Synthesis and characterization of a novel magnetic porous carbon coated with poly(p-phenylenediamine) and its application for furfural preconcentration and determination in baby food and dry milk powder samples

The aim of the current research is to develop a MSPE method for the determination of furfural in baby food and dry milk samples. In this regard, a novel magnetic porous carbon composite coated with poly(p-phenylenediamine) was fabricated, characterized, and then applied to the preconcentration/extraction of furfurals from baby food and dry milk powder samples. Initially, magnetic nanoparticles (Fe3O4) were synthesized, and then coated with a metal-organic framework layer named MIL-101(Fe). Afterward, the magnetic MIL-101(Fe) was subjected to calcination under a nitrogen atmosphere and magnetic porous carbon was achieved. Finally, a layer of poly(p-phenylenediamine) was coated on the magnetic porous carbon. The structure of the nanocomposite was investigated with various methods, including FT-IR spectroscopy, electron microcopies (SEM and TEM), VSM, and XRD. The fabricated nanocomposite was applied in magnetic solid-phase extraction of furfural and hydroxymethyl furfural and their determination with liquid chromatography.
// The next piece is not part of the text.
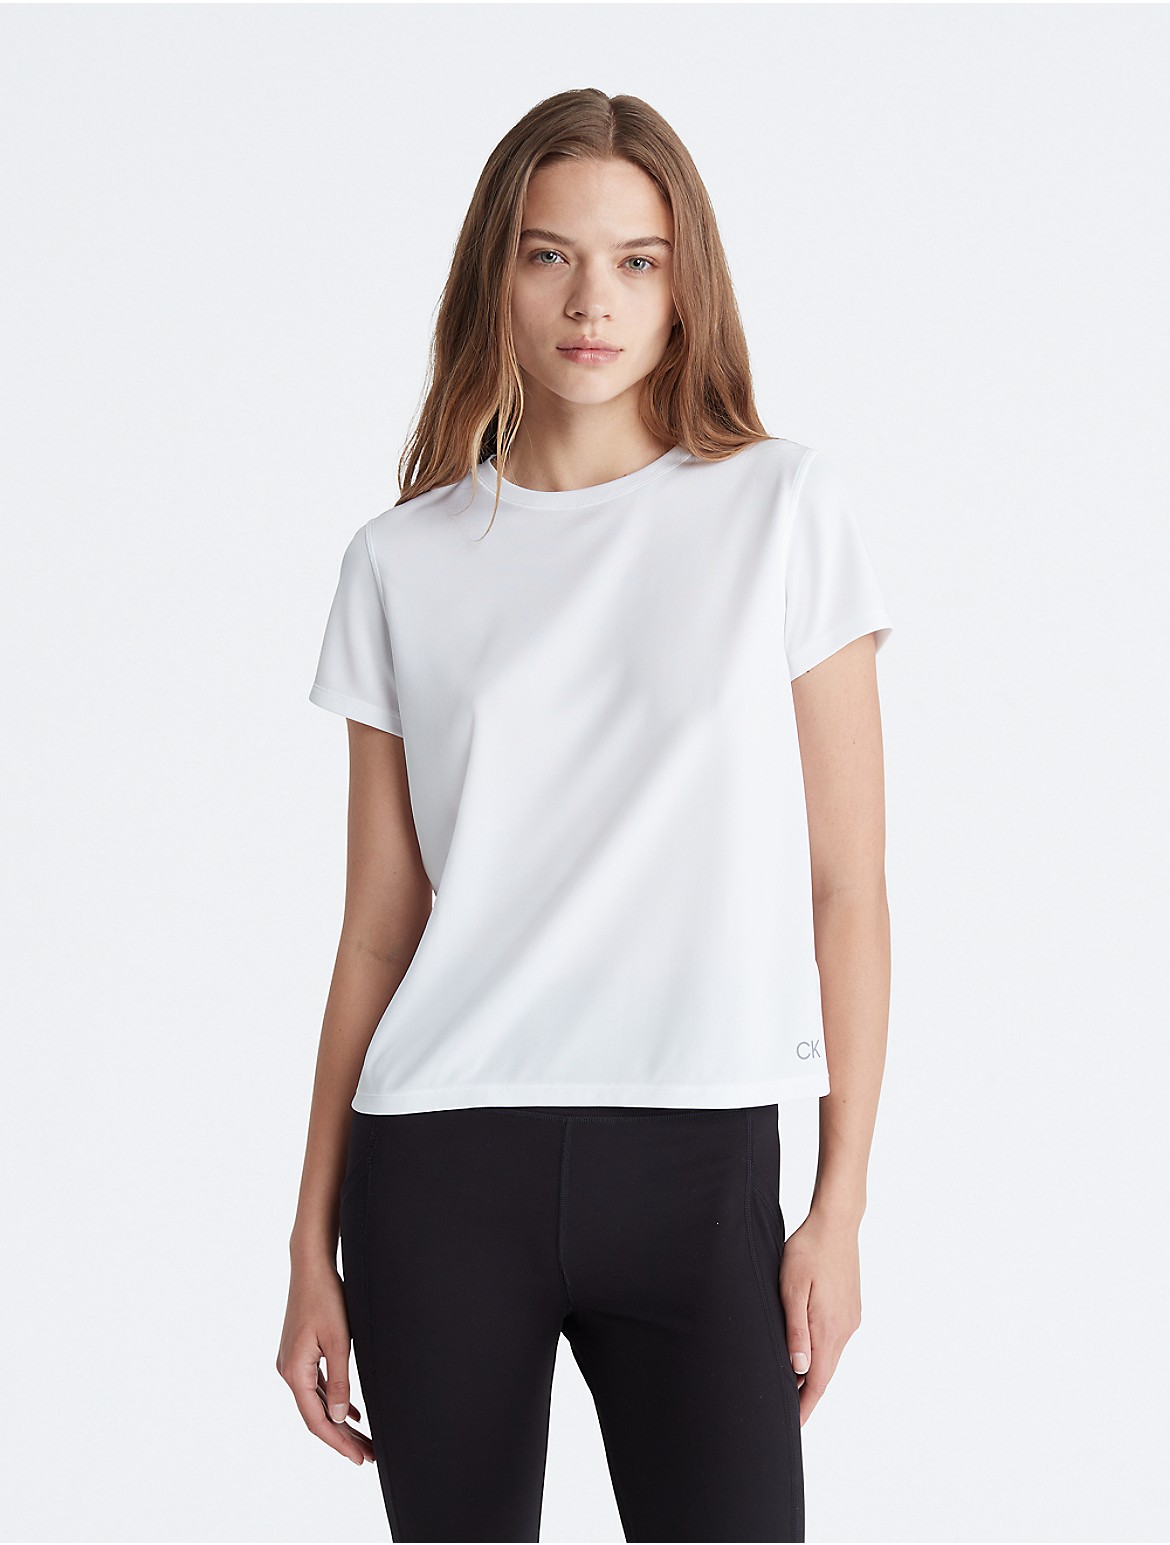 Calvin Klein Women's Performance Tech Pique T-Shirt - White - L

The effect of experimental variables was explored by using an experimental design approach. The LODs and linear range for the target furfurals were 1.0-2.0 μg kg-1 and 3.0-500 μg kg-1, respectively. The method's repeatability was explored using RSD values and was found to be in the range of 5.2-6.4% (one-day, n = 5) and 9.1-10.8% (day to day, n = 3). Eventually, this new method was employed for the extraction/quantification of target compounds in baby food and dry milk powder samples.